La infancia del hombre que luego escribiría breve
(fragmentos)
Una noche en que soñaba despierto, como siempre, buscaba a
un enemigo en la habitación y lloraba.
Llegó la mañana.
Yo tenía un saquito (no me gusta esa palabra) gris, con
elástico abajo. El gorro de verano tenía un elástico. Las medias también tenían
elásticos, rojos.
Mi abuelo era jardinero en el Palacio Smolni. Un alemán
canoso, corpulento. En su habitación había una azucarera de cristal y objetos
cubiertos de percal oscuro. Detrás de su casa se curva el Neva, y sobre él se
veía algo colorido y pequeño.
No puedo recordar qué era.
No me gustaba que abotonasen y desabotonasen mi ropa.
Recuerdo el gusto del baldecito verde de hierro en los
dientes. En general, el gusto de los juguetes. Desilusiones.
Éramos salvajes y no teníamos educación. Los adultos no
lograban dominarnos. Ellos, en general, no lo logran.

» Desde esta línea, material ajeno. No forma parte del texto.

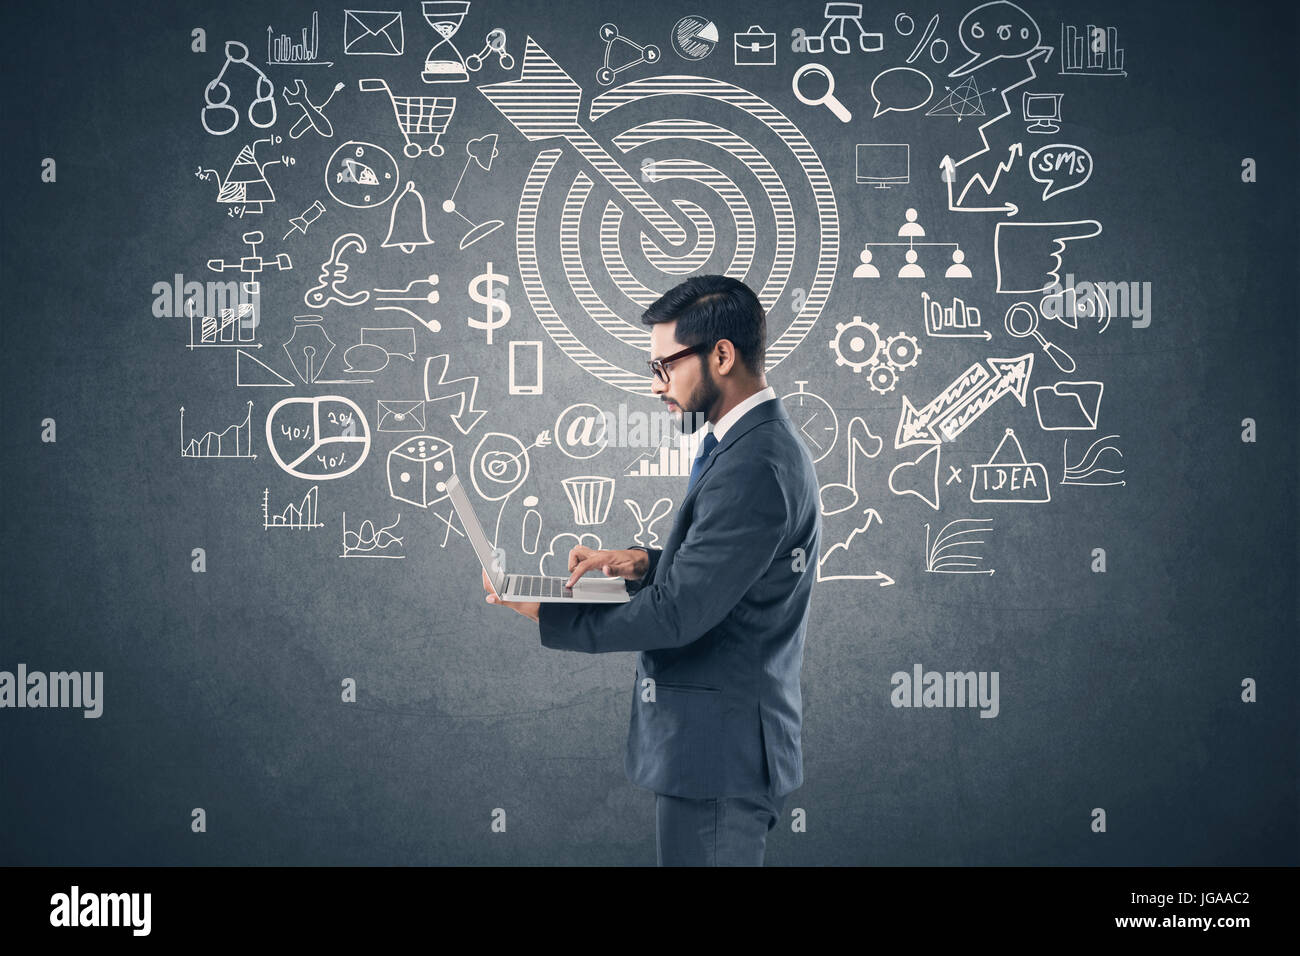 Businessman using laptop in front of blackboard avec icônes d'affaires et de technologie Banque D'Images
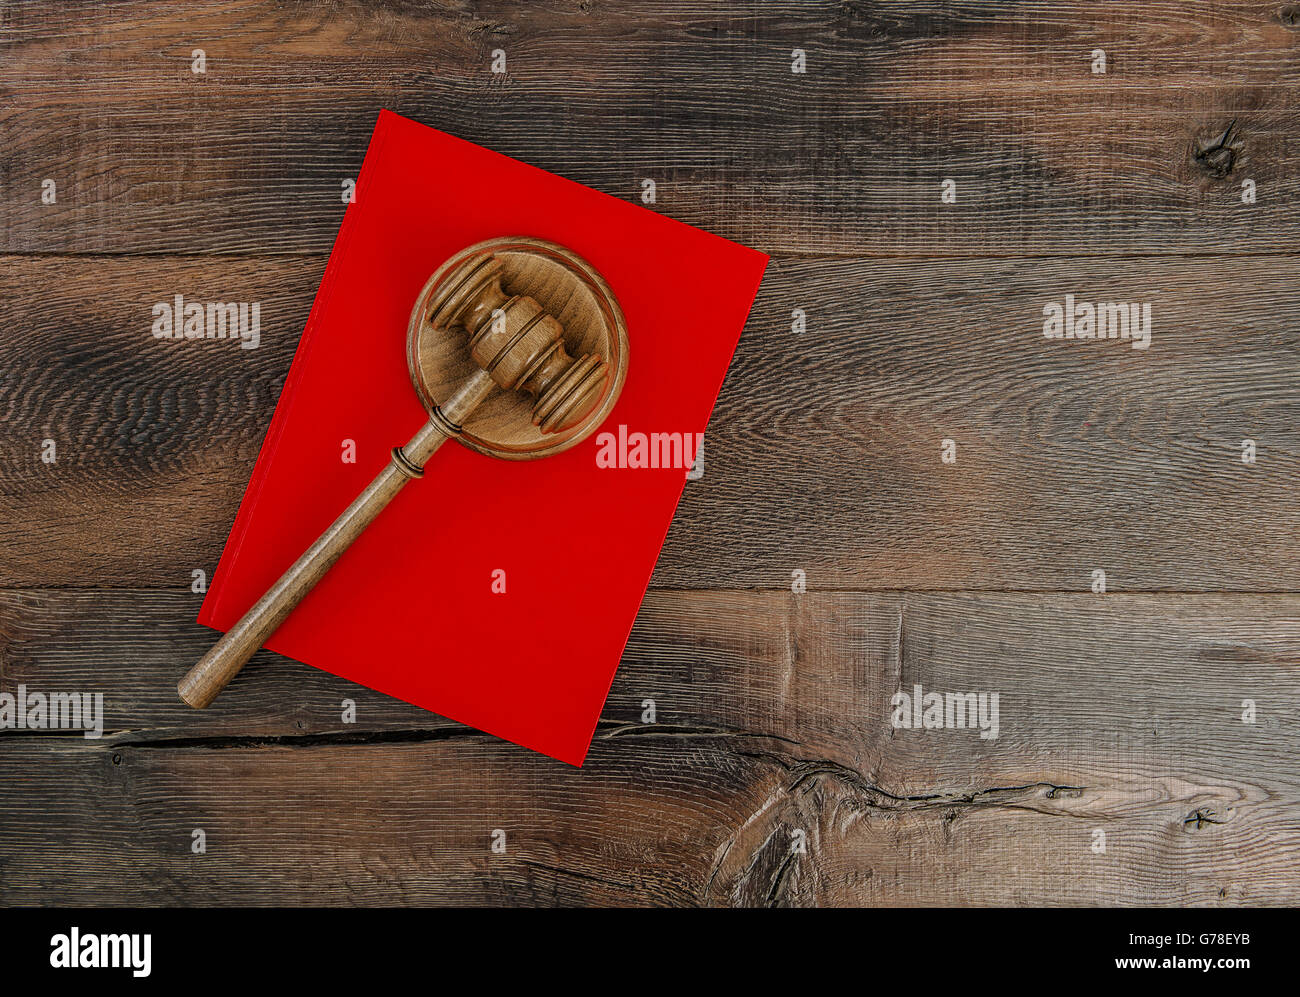 Richter-Hammer mit Resonanzboden und rote Buch. Hammer auf rustikalen hölzernen Hintergrund Stockfoto

En el extremo de la ciudad, del otro lado del Neva, donde
siempre soplaba el viento, se encontraba la isla Vasílievsky, donde vivía el
tío Anatoli en una casa de color marrón, a una hora y media de viaje. Él tenía
teléfono, y en la fiesta de Pascua servían unos huevos dorados, aunque
desabridos, y pasas de uva azuladas.
Y en la mesa de su pequeña mujer había un triple espejo y
una chanchita rosada de alcancía. La chanchita era para mí el fin del mundo.